Assignment: At the line with "Ayli Men's Business", start repeating the data, and continue line by line through the final line, exactly.
-- Data for the task follows --
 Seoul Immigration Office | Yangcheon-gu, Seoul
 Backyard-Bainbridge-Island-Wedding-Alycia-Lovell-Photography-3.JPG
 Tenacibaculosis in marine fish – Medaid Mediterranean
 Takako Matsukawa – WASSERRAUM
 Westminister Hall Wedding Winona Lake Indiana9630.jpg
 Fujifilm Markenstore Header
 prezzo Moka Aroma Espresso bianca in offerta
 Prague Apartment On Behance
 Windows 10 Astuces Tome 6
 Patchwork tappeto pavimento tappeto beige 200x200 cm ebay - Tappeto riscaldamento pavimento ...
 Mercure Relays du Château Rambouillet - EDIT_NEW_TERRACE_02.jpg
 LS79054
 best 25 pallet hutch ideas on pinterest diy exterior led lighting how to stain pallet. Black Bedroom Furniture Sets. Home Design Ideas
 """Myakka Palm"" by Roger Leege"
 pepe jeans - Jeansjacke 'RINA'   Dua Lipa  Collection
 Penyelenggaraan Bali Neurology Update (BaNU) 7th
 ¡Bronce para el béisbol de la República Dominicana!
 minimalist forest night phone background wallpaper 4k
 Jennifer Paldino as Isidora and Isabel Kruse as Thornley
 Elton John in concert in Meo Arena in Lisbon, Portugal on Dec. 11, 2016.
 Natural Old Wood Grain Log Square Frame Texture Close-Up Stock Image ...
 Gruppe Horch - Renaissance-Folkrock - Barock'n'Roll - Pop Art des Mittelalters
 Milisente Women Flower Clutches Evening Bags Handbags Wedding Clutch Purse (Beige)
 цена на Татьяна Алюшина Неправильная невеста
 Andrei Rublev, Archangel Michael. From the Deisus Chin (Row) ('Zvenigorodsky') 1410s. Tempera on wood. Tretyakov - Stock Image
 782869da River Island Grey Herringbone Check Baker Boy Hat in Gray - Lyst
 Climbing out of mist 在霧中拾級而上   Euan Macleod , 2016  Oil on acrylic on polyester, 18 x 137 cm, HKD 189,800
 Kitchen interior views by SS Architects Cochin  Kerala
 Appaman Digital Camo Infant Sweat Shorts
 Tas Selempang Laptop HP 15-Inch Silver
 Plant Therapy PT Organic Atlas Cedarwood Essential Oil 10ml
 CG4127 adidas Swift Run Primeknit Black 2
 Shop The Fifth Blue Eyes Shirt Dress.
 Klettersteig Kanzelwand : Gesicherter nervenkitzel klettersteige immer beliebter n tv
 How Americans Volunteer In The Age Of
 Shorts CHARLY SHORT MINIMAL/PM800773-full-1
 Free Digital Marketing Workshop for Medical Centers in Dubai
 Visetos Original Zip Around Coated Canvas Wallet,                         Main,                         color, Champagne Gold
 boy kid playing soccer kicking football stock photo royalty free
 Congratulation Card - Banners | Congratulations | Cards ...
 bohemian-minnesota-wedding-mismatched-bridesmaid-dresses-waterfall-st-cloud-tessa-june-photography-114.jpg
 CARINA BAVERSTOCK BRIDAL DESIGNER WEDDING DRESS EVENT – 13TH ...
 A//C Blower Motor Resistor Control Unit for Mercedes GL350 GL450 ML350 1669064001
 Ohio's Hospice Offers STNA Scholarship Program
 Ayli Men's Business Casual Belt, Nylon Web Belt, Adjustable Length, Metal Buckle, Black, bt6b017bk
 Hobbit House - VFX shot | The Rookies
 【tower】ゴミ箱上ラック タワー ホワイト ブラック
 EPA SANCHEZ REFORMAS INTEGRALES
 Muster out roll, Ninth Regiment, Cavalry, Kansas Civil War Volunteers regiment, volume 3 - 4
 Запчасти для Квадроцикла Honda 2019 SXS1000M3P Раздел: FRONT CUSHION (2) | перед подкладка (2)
-- Data for the task concluded --
Solution to this task:
 Ayli Men's Business Casual Belt, Nylon Web Belt, Adjustable Length, Metal Buckle, Black, bt6b017bk
 Hobbit House - VFX shot | The Rookies
 【tower】ゴミ箱上ラック タワー ホワイト ブラック
 EPA SANCHEZ REFORMAS INTEGRALES
 Muster out roll, Ninth Regiment, Cavalry, Kansas Civil War Volunteers regiment, volume 3 - 4
 Запчасти для Квадроцикла Honda 2019 SXS1000M3P Раздел: FRONT CUSHION (2) | перед подкладка (2)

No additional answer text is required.